## Data extract
= Beginning of Section =
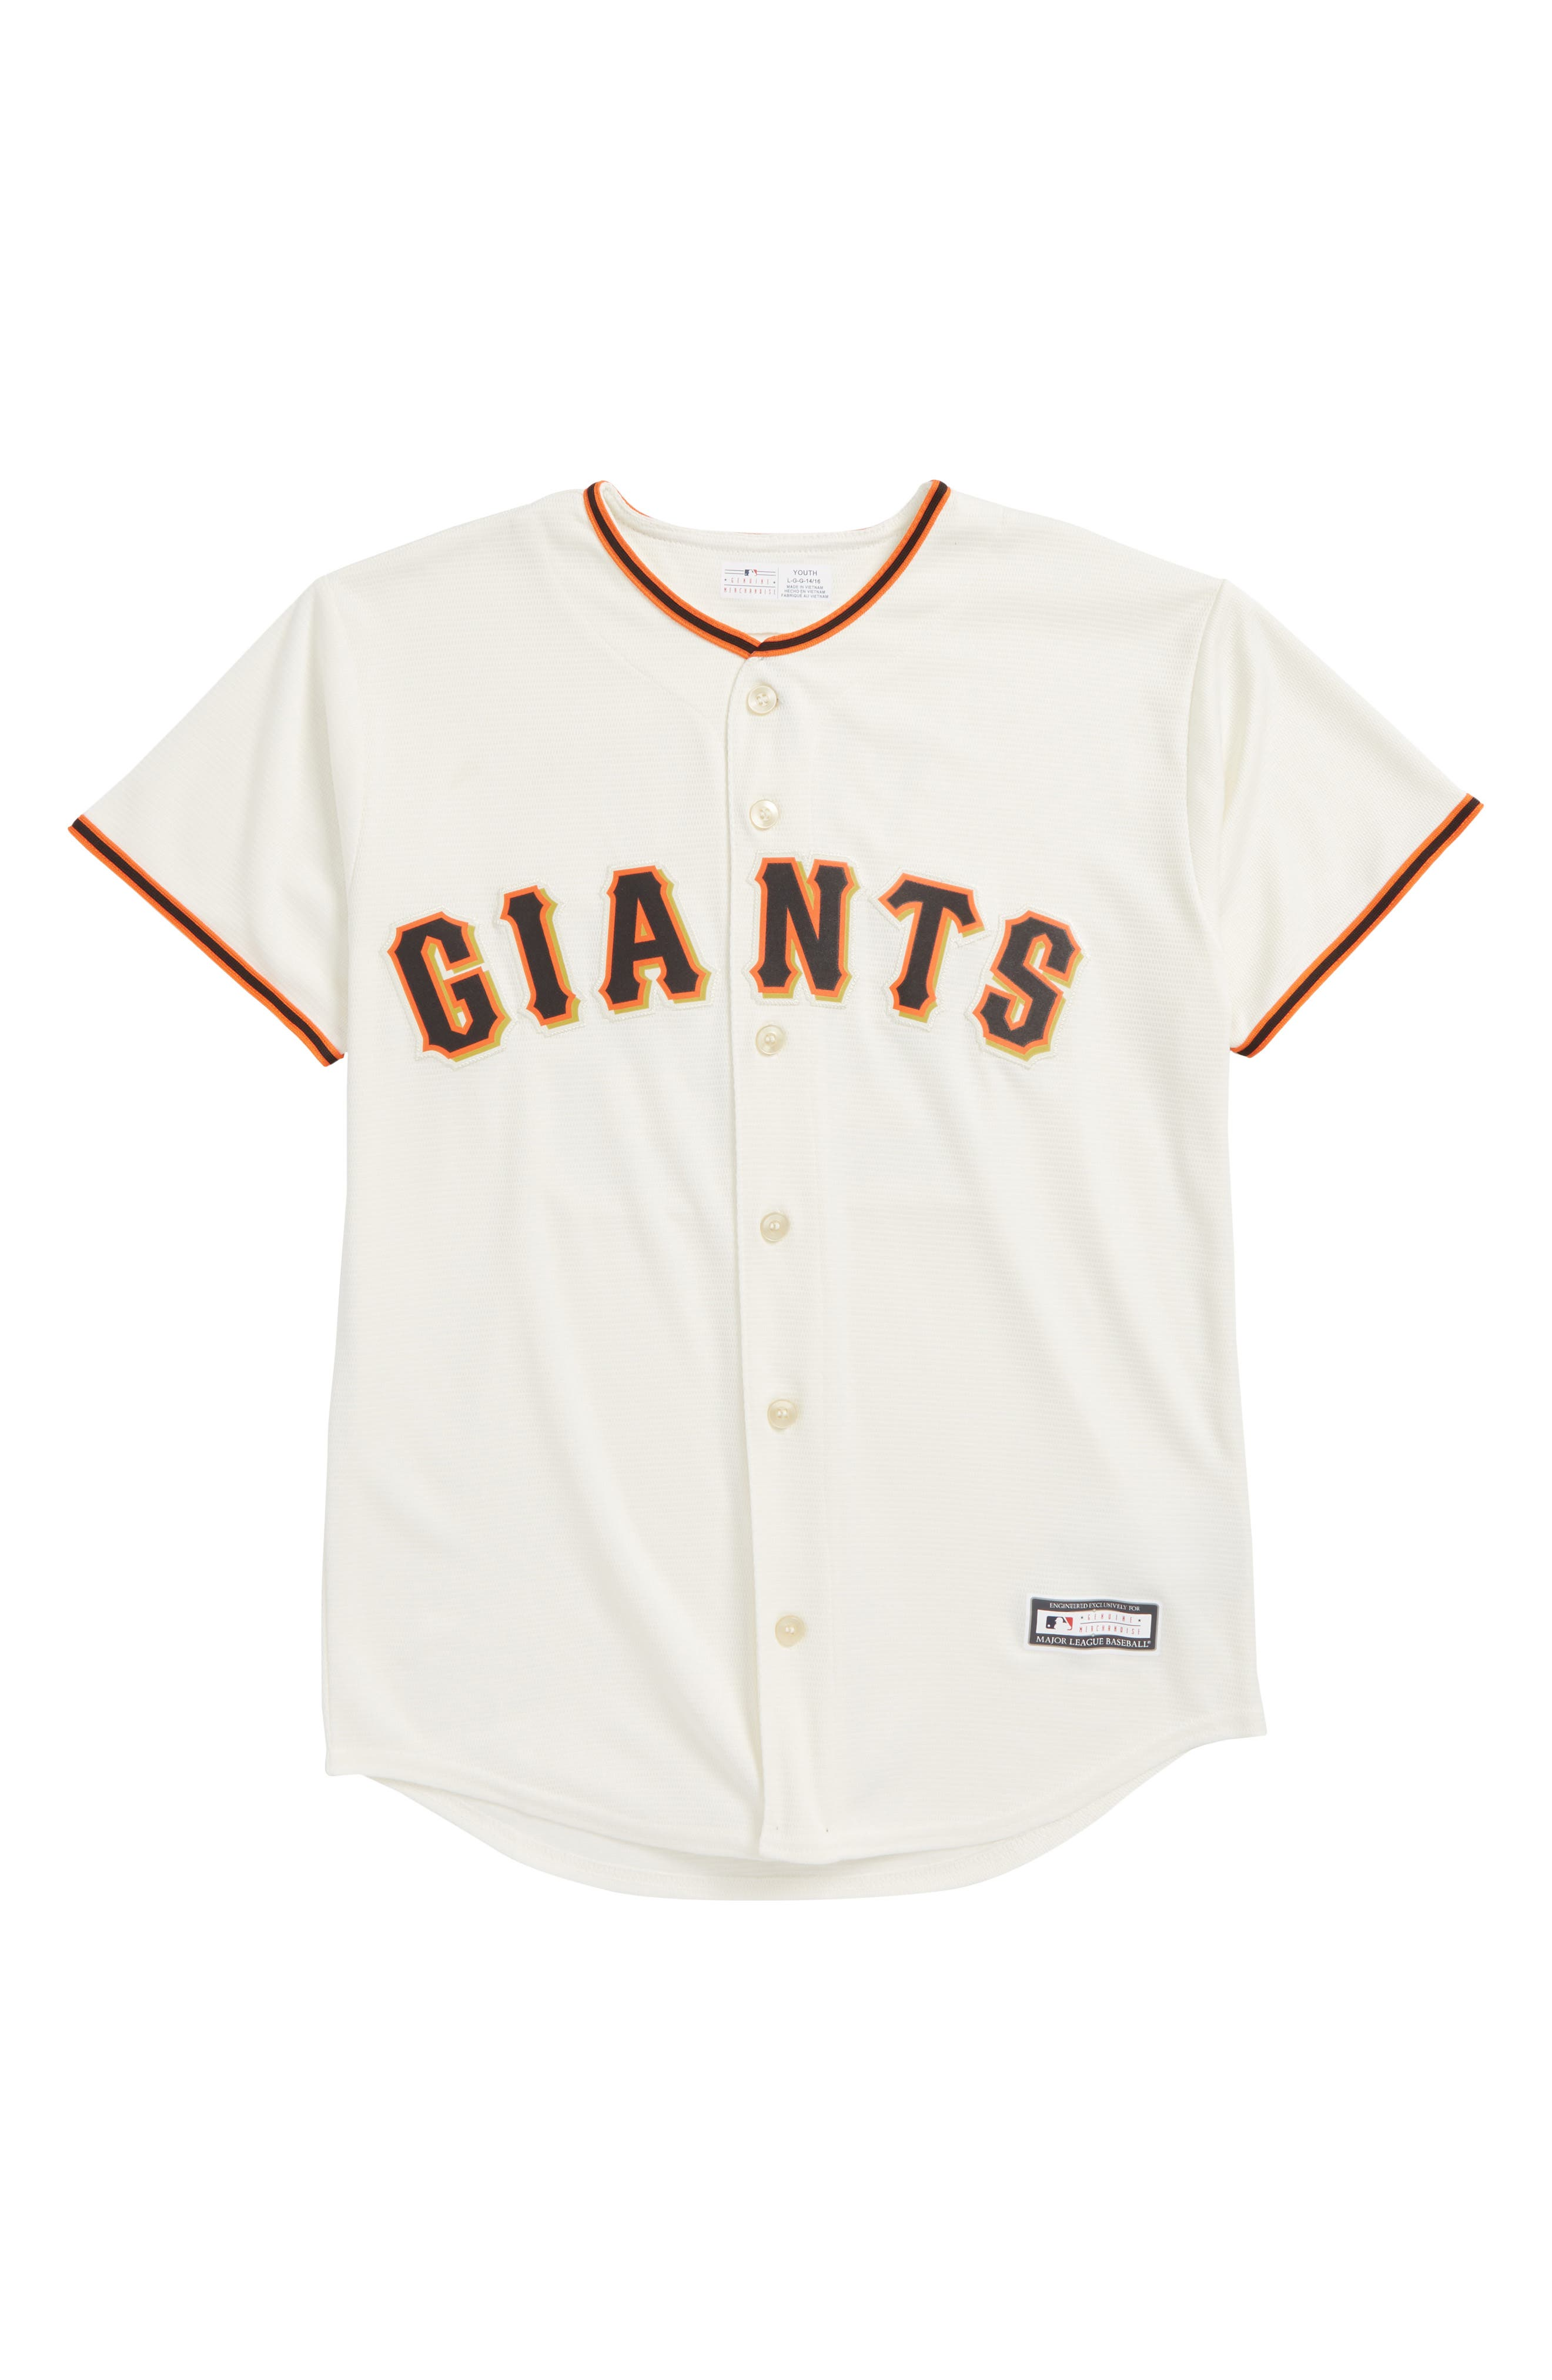 San Francisco Giants - Buster Posey Baseball Jersey,                         Main,                         color, White
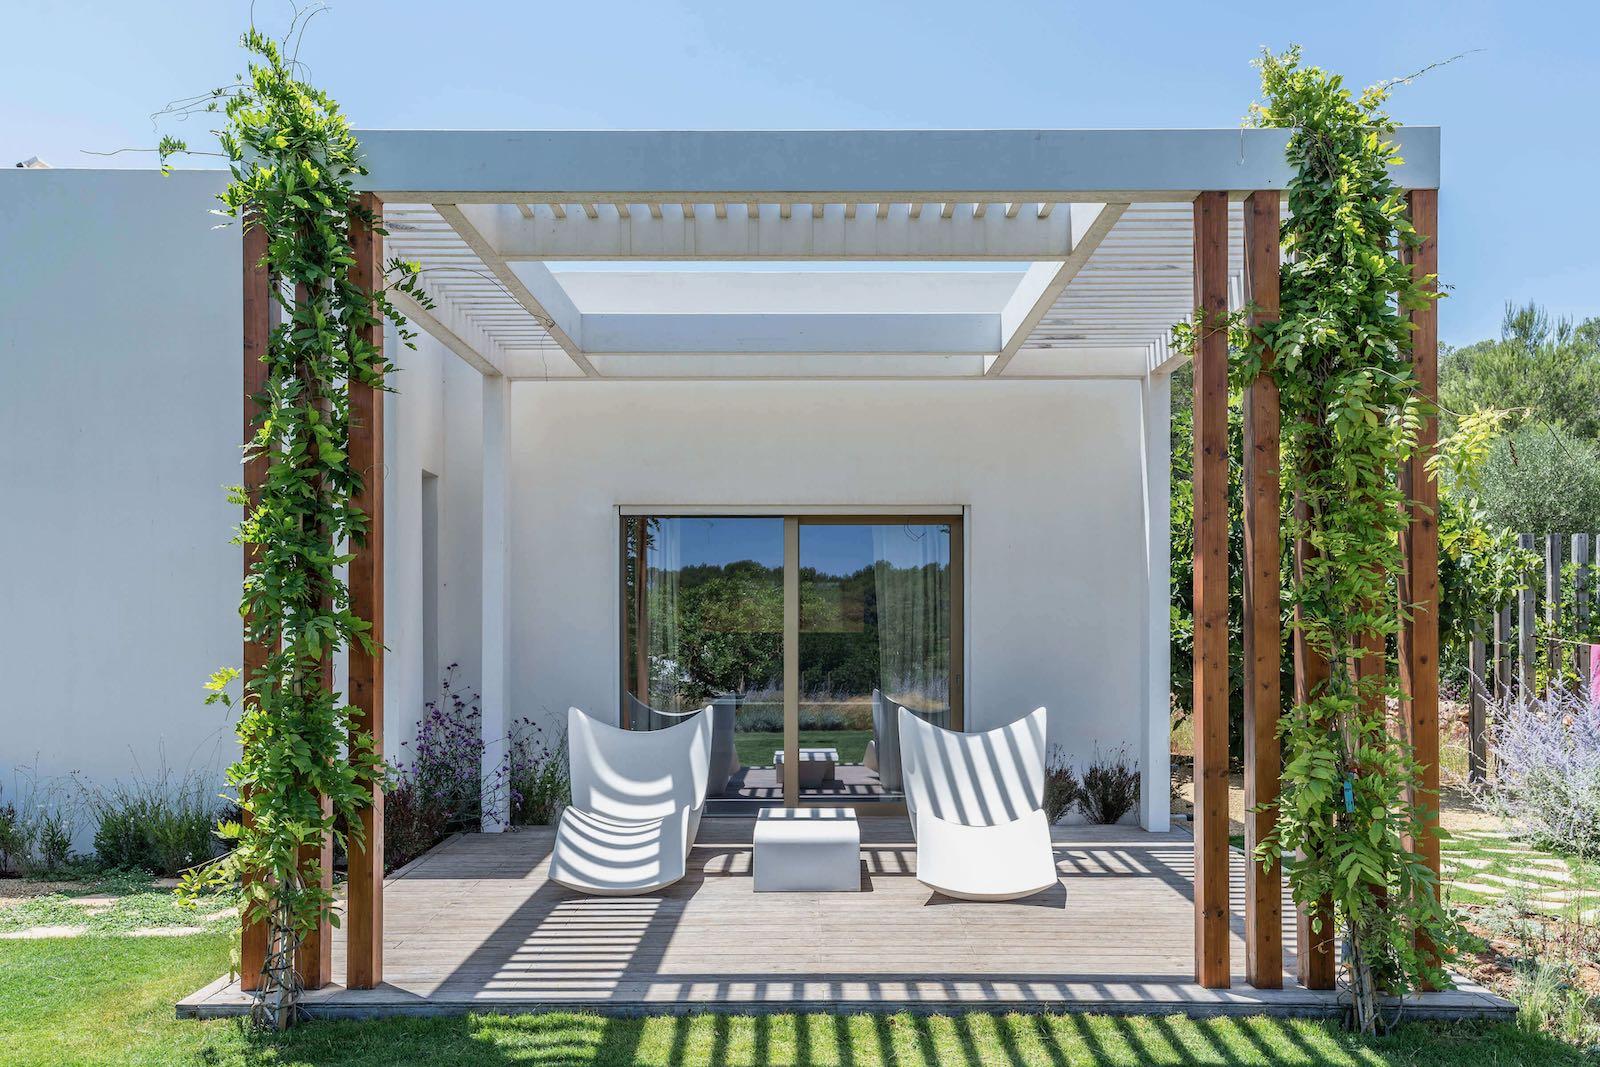 https://www.white-ibiza.com/wp-content/uploads/2021/06/white-ibiza-property-passivhaus-wi1853-31.jpeg
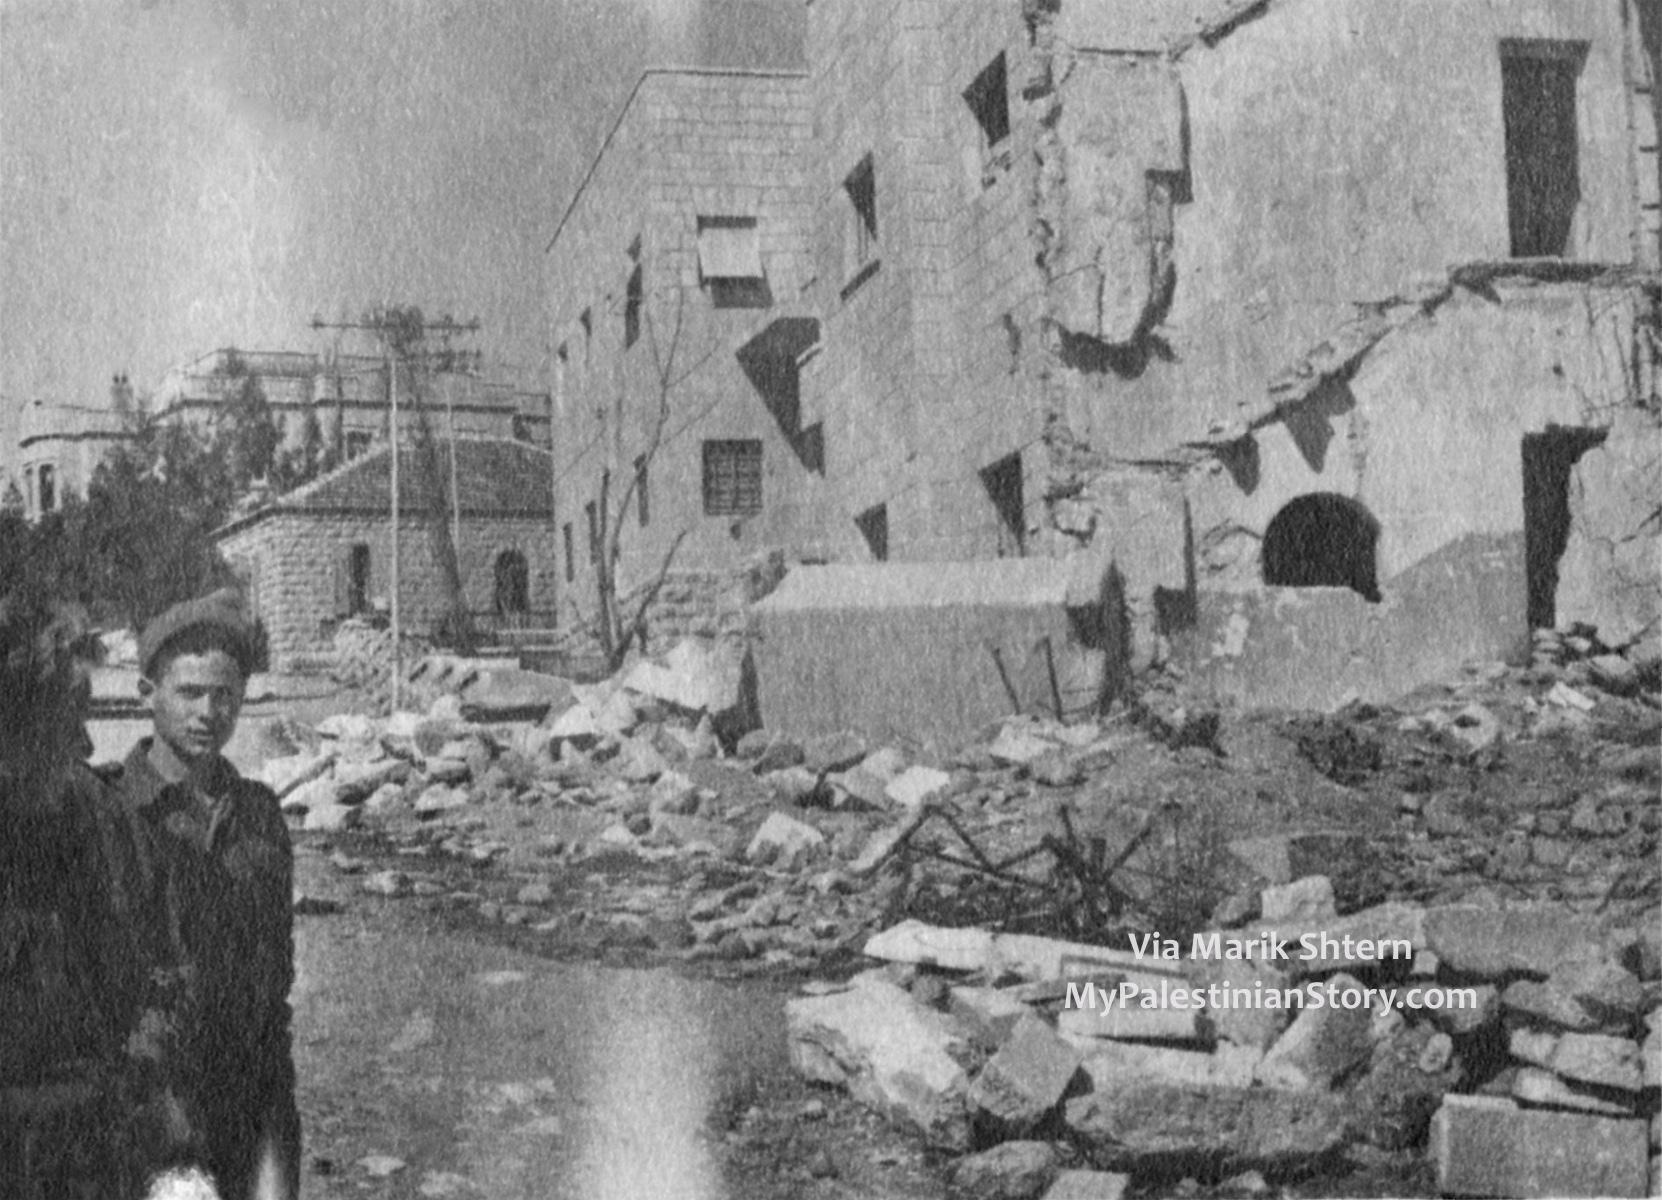 The bombed Semiramis with the Kassotis house in the background. (Photo via Marik Shtern)
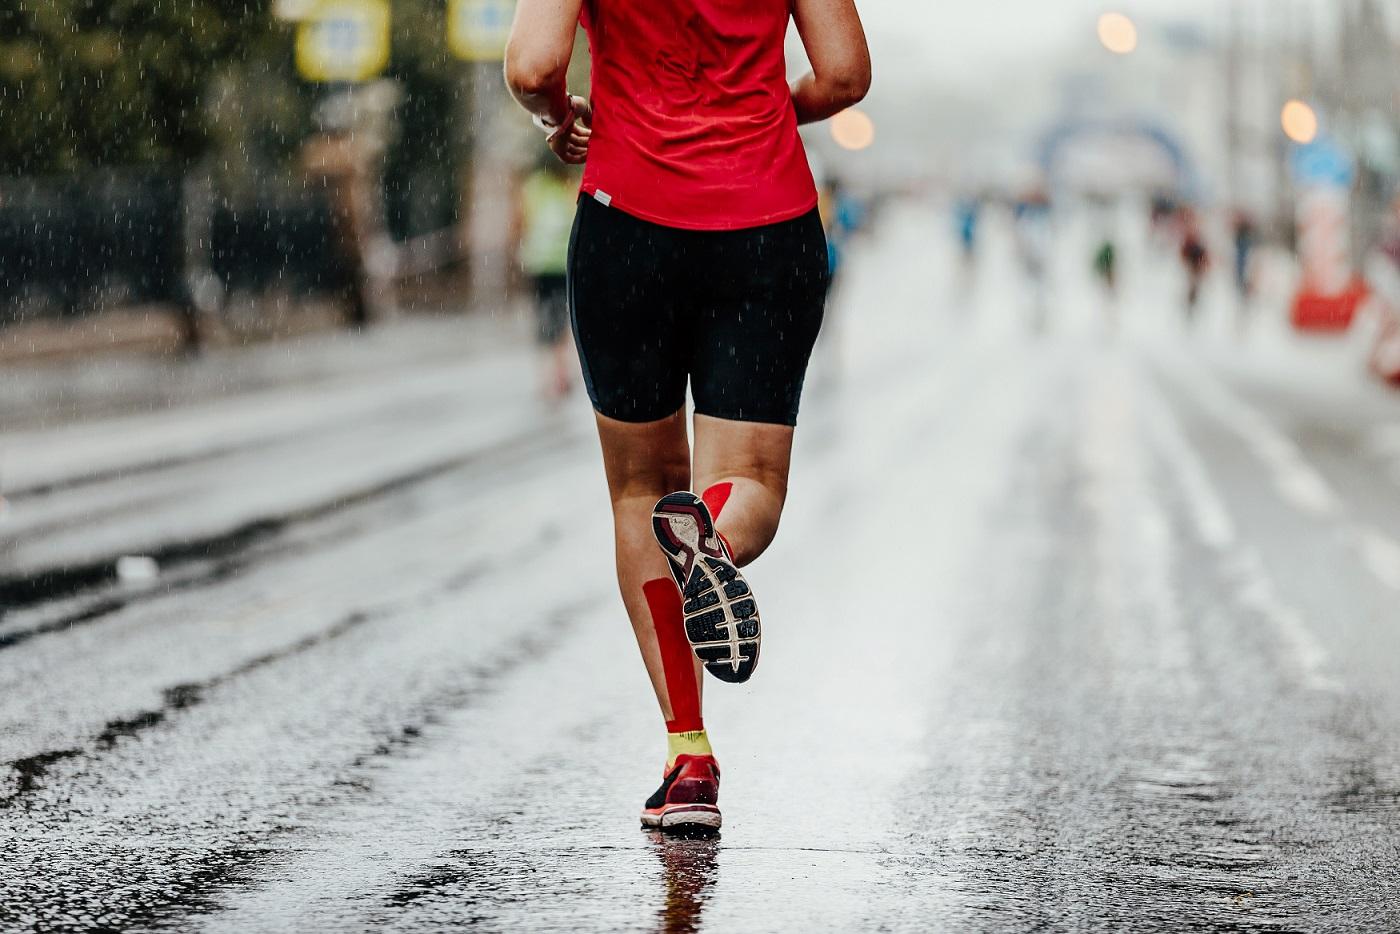 Mulher correndo maratona
= End of Section =
## Exercise
The reply should contain every line of the material exactly, and no images.

## Exercise solution
 San Francisco Giants - Buster Posey Baseball Jersey,                         Main,                         color, White
 https://www.white-ibiza.com/wp-content/uploads/2021/06/white-ibiza-property-passivhaus-wi1853-31.jpeg
 The bombed Semiramis with the Kassotis house in the background. (Photo via Marik Shtern)
 Mulher correndo maratona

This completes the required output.